I had intended to stop noting Salem Cemetery updates here and post notices on the cemetery site itself (accessible from the sidebar at left), but hit a snag. As soon as I posted a "2009" entry at Salem, the 2008 archive log which lists all 52 lots plus index, disappeared from the sidebar leaving behind only a "2008" header and I couldn't figure out how to get it back. That made the blog less convenient to use, and use by others is the principal reason for it, so I deleted the update notice and brought it back here.
I've already complained about the continuing battle against paper elsewhere, so won't go there again --- other than to repeat a warning: If you, like I, have a habit of boxing up stray paperwork a couple of times a year and moving those boxes out of sight into storage, promise yourself never to look in those boxes again. When the time comes to move or downsize, throw them away unopened. I decided to sort the contents of my boxes. Big mistake.

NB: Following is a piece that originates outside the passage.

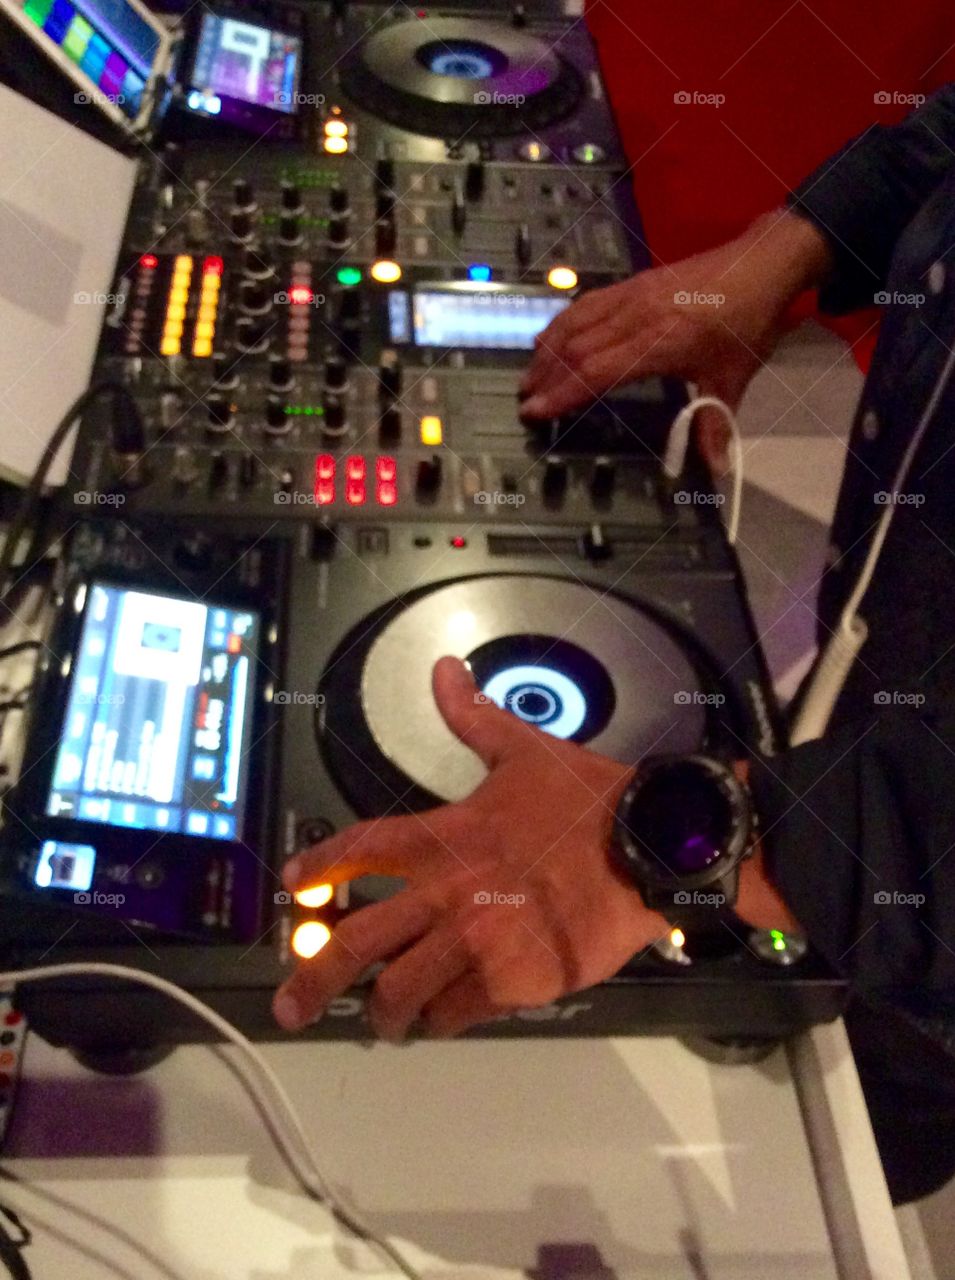 DJ in action in Barcelona

So far as the weather is concerned, we had a thunder ice storm here on Thursday and it's still slippery in places and darned cold. That 10-degree difference between north and south Iowa really does make a difference and I wish I were there right now. But I will be soon enough.
Tuesday was a beautiful day in Chariton with a spring-like afternoon --- ideal weather for dealing with the front-yard trees. Lee came over with the necessary equipment and made quick work of it (thank you very much), leaving the equavalent of another tree piled across the front yard. So I spent most of the afternoon hauling limbs and branches down to the city burn pile --- not a bad way to spend the day, all in all.

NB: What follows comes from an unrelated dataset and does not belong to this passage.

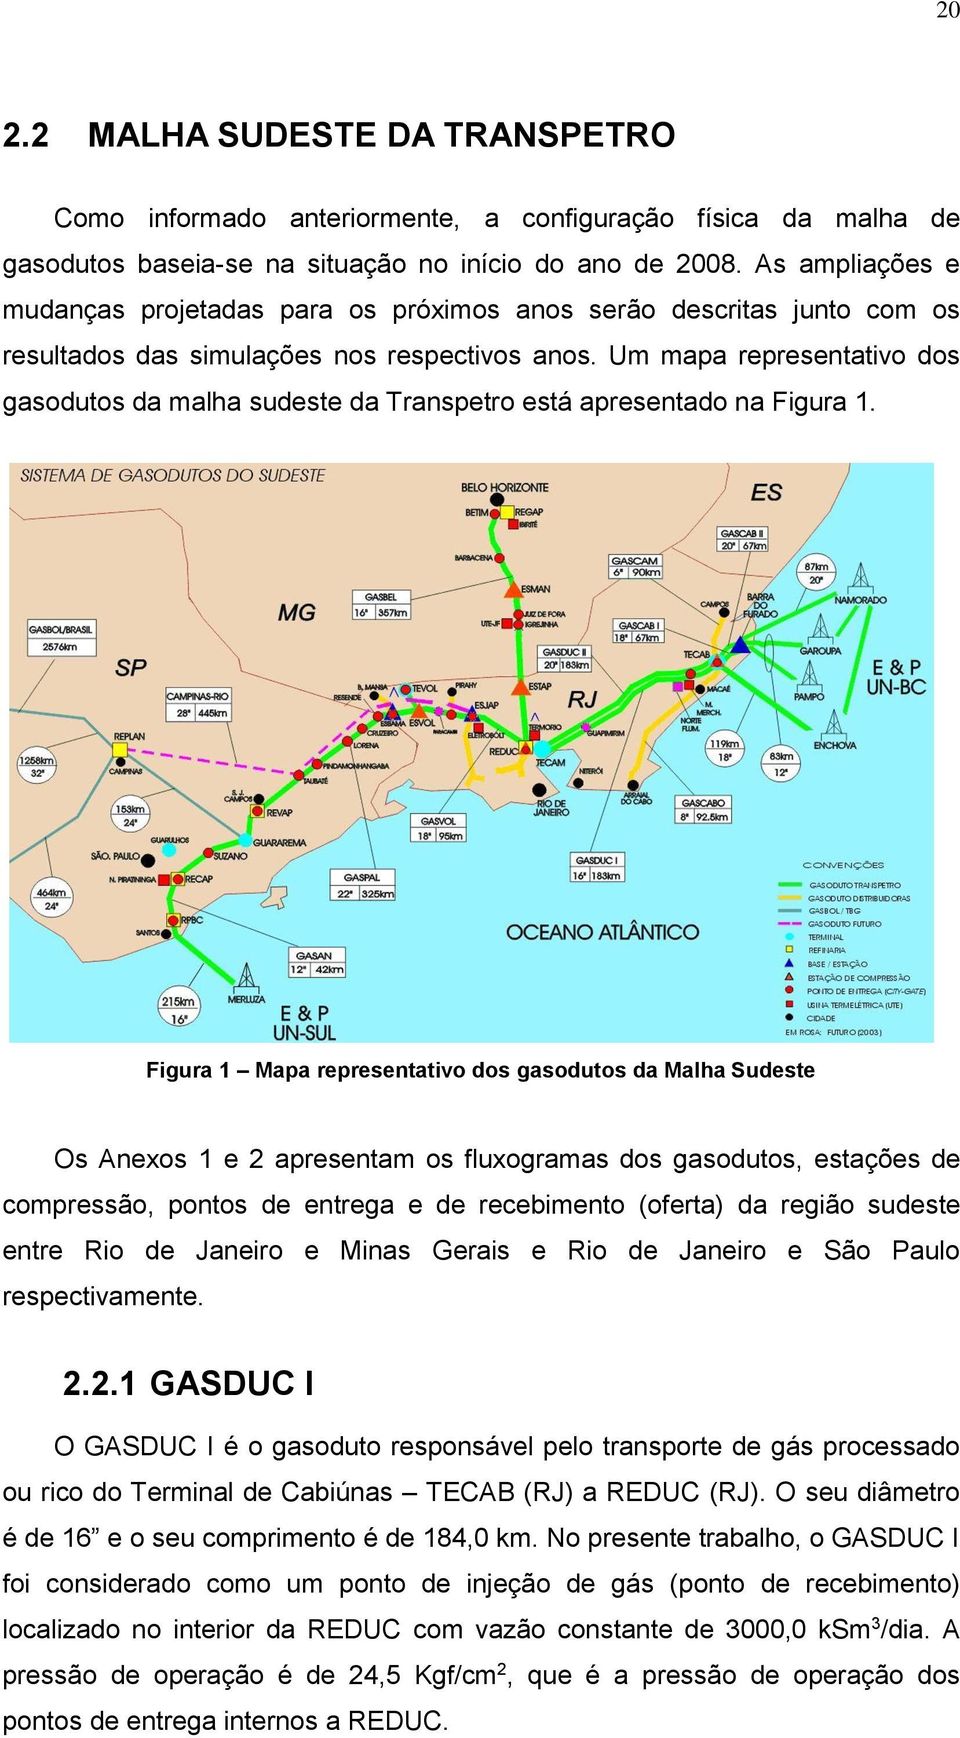 Um mapa representativo dos gasodutos da malha sudeste da Transpetro está apresentado na Figura 1.

On the newspaper front, it seems all who still have jobs are on furlough. In Colorado, the Rocky Mountain News bit the dust entirely. And in Iowa, The (Cedar Rapids-based) Gazette Co., whilst cutting 100 or so jobs, renamed its news chief "local content conductor" or somesuch. Huh? That caused one commentator quicker on the draw that I am to note that The Gazette seemed to be going somewhere, although it wasn't exactly clear where, and it seemed to be going by train.
All this is, of course, another fairly clear sign that daily newspapers haven't a clue about what to do. Most, I suspect, would really like to stop being "papers" entirely, dispose of vast numbers of pesky people who have to be paid plus newsprint and production costs and refocus entirely online. The difficulty is that online doesn't generate that much revenue (especially during hard times)and there's little chance anyone would pay much attention to a newspaper Web site gone adrift from its newsprint moorings. Plus the fact anyone, and I do mean anyone, can start an online news site. While I still value The Des Moines Register for its (online) obituaries, I've discovered I depend for news almost entirely upon WHO, KCCI and MSNBC plus specialty sites, a mix of electronic and digital. Glad I don't have to worry about all of this any more.
But back to the Salem update, which was where I was going when I started.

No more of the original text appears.